Sally pulled in, and Ron helped her carry four gallon jugs of hot water to the vet’s truck.  The hot water was mixed with mineral oil in a large brown bottle.
Dr. Hanson came back with the watered-down mineral oil, a funnel, and a long rubber tube.  Janice stopped Drifter so the vet could begin her work.  Dr. Hanson slid the tube up one of Drifter’s nostrils and down into his stomach.  Once it was in place, she affixed the funnel to the other end and began to pour the mixture into the funnel, lifting it up every so often to drain the contents into Drifter’s stomach.

“You can keep walking him now,” she told Janice.  They started a slow walk while the doctor poured and lifted, poured and lifted.

About five minutes into the treatment, Drifter let out a harsh sneeze.  Blood ran out of his nose, staining the white snip on his muzzle.  A bloody blob of fleshy goo stuck to the sleeve of Janice’s barn coat.  The vet assured her that he was fine.  Sometimes the tube could cause mild trauma, especially with the walking.

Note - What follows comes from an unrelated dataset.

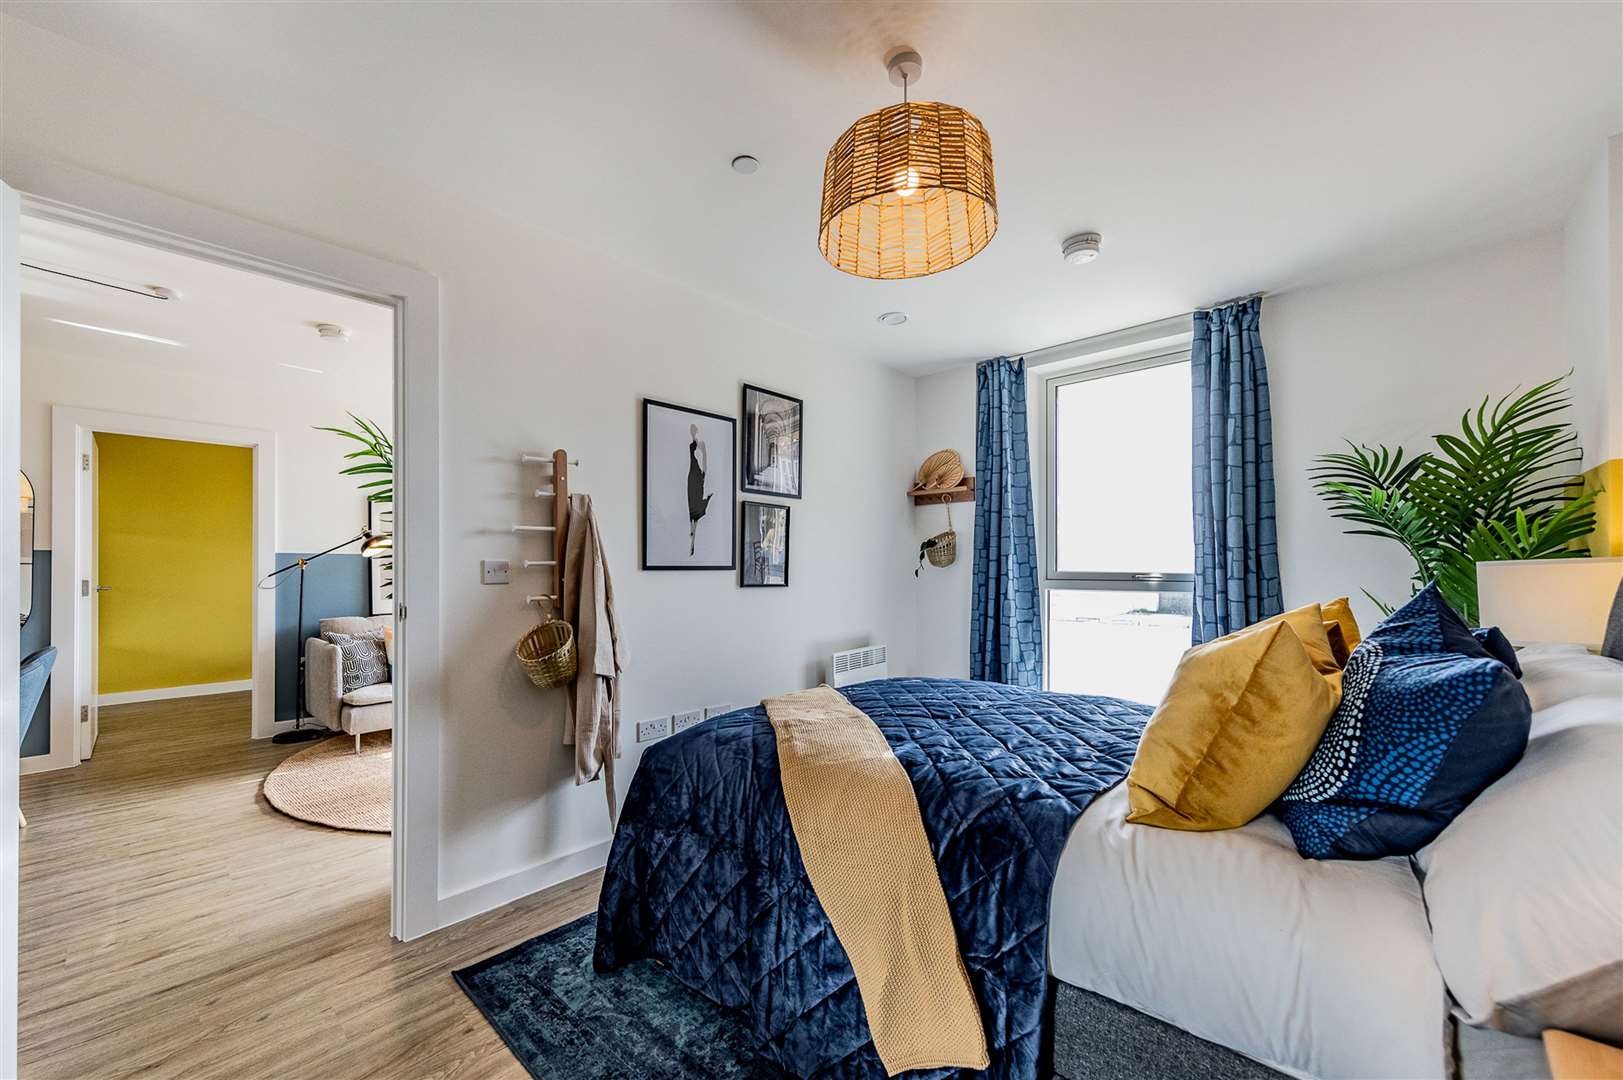 A bedroom at Cavalier Court as part of the Chatham regeneration project. Photo: Peel Waters

They walked and treated him for twenty minutes.  Then the tube came out.  “Keep him moving,” Dr. Hanson said.  And she began to clean up.

When she was cleaned up and ready to go, she went to talk to Sally and Ron.  Janice walked Drifter up to them, and Ron took the lead so the vet could talk to her.

“Walk him for another half-hour or so.  Then let him rest for a while,” Dr. Hanson told Janice.  “I have a foaling call to attend to, but I’ll be back after that.  He should be fine until then.  If you notice anything, call the office.  Dr. Brower is there.  He’ll be able to help.

“In the meantime, you guys get something to eat.  I’ll be back as soon as I can.”  She shook both women’s hands and left for her next call.